About this task -
Pictures aside, reproduce exactly and only the lines below, starting at the one containing "Bjarke Ingelss Tetrahedron" and ending at the last line.

*** Exercise data Section Begins ***

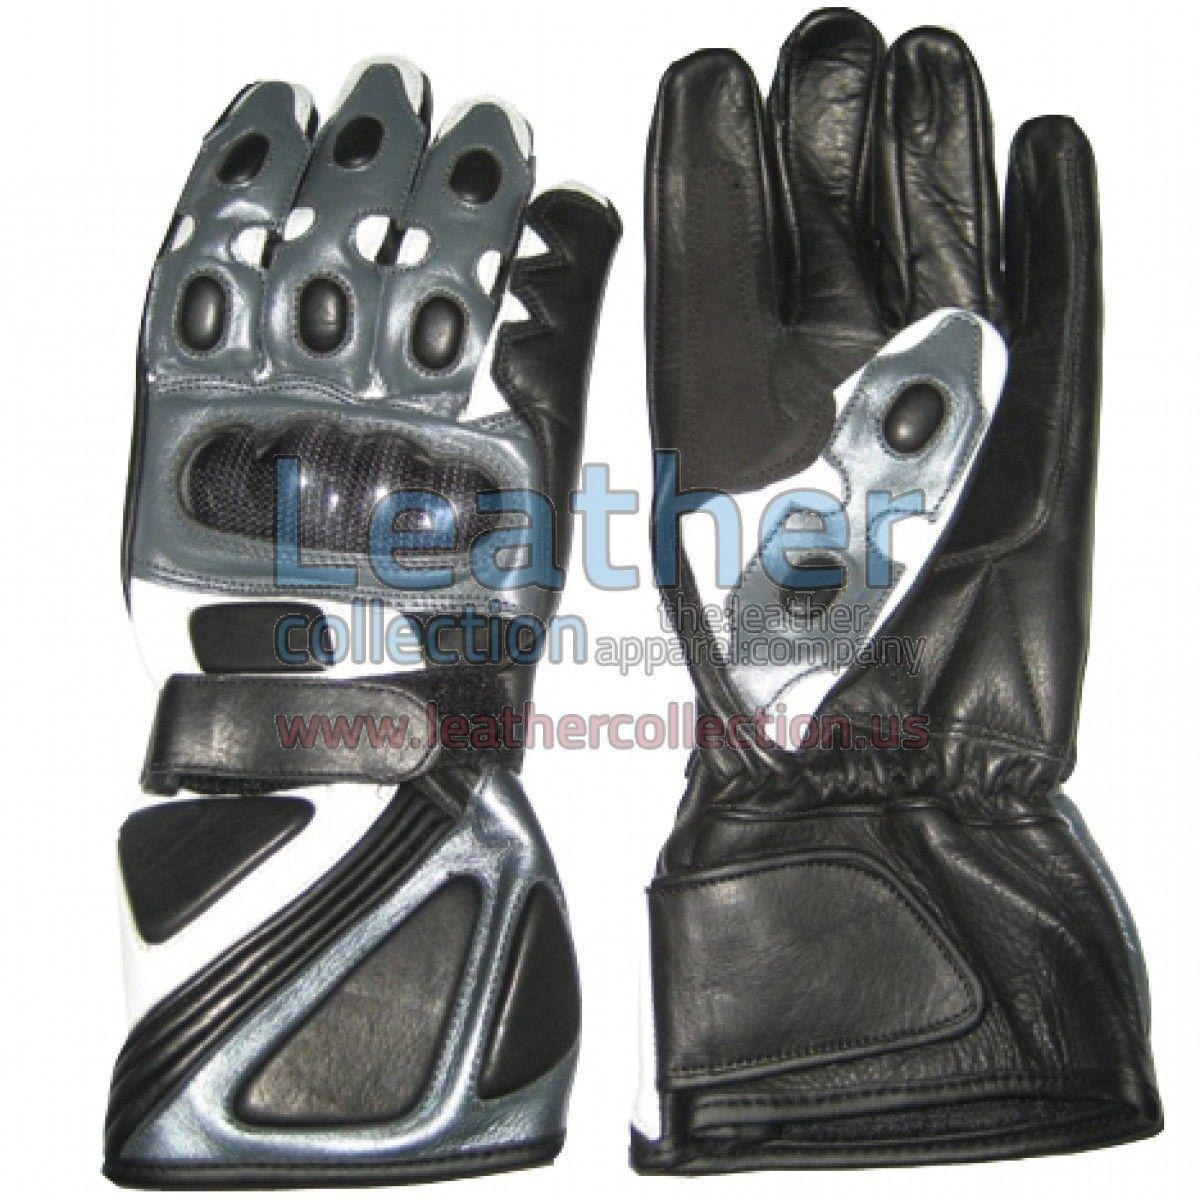 Bravo Grey Motorbike Race Gloves - https://www.leathercollection.us/en-we/bravo-grey-motorbike-race-gloves.html motorbike race gloves, Race Gloves #MotorbikeRaceGloves, #RaceGloves
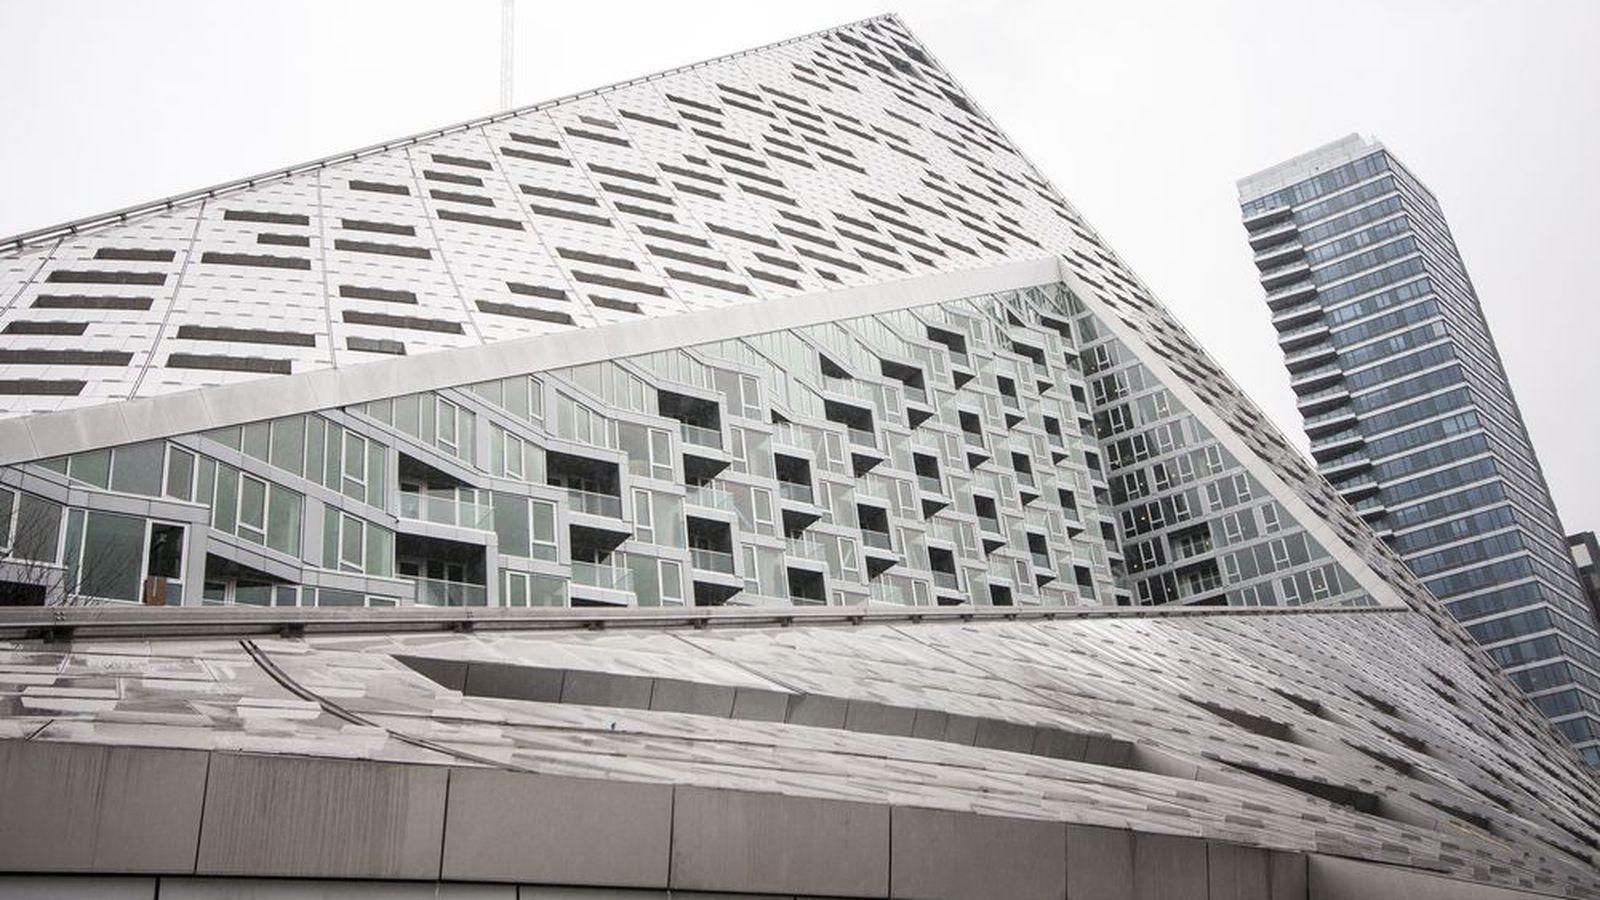 Bjarke Ingelss Tetrahedron Gets A Massive Sculpture
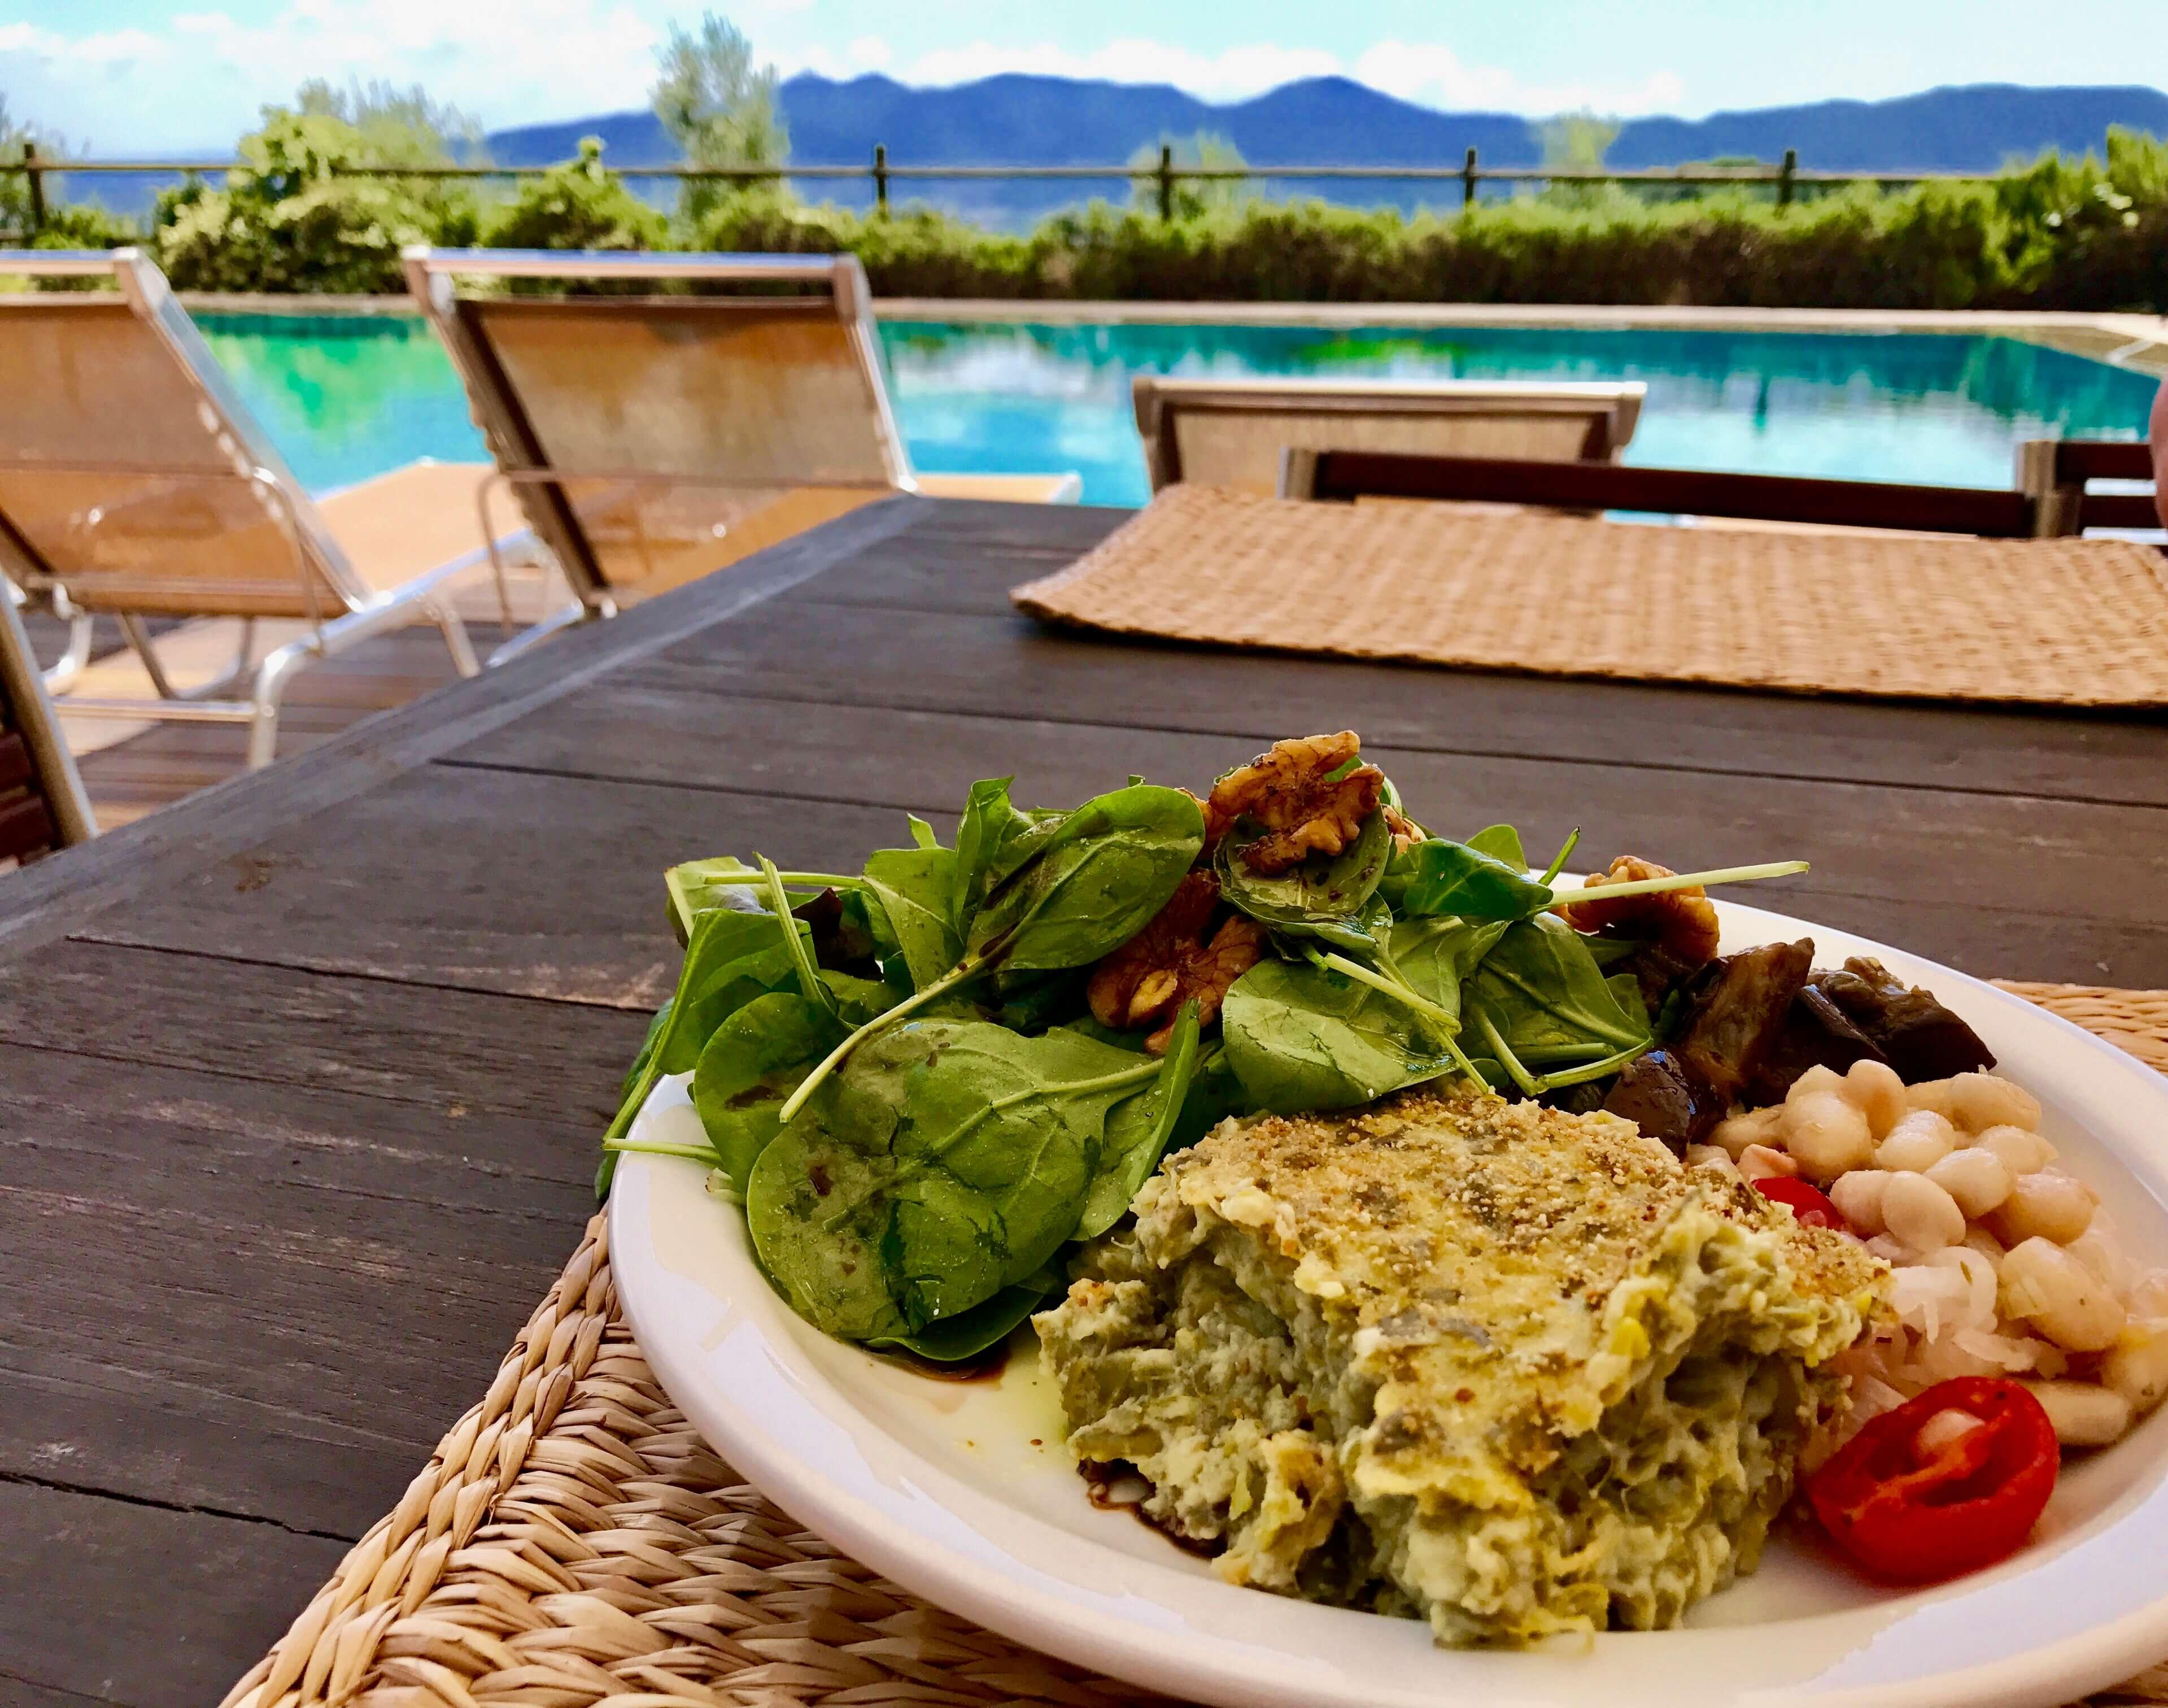 Food - Sformato with Cannelini bean salad

*** Exercise data Section Ends ***

Expected answer -
 Bjarke Ingelss Tetrahedron Gets A Massive Sculpture
 Food - Sformato with Cannelini bean salad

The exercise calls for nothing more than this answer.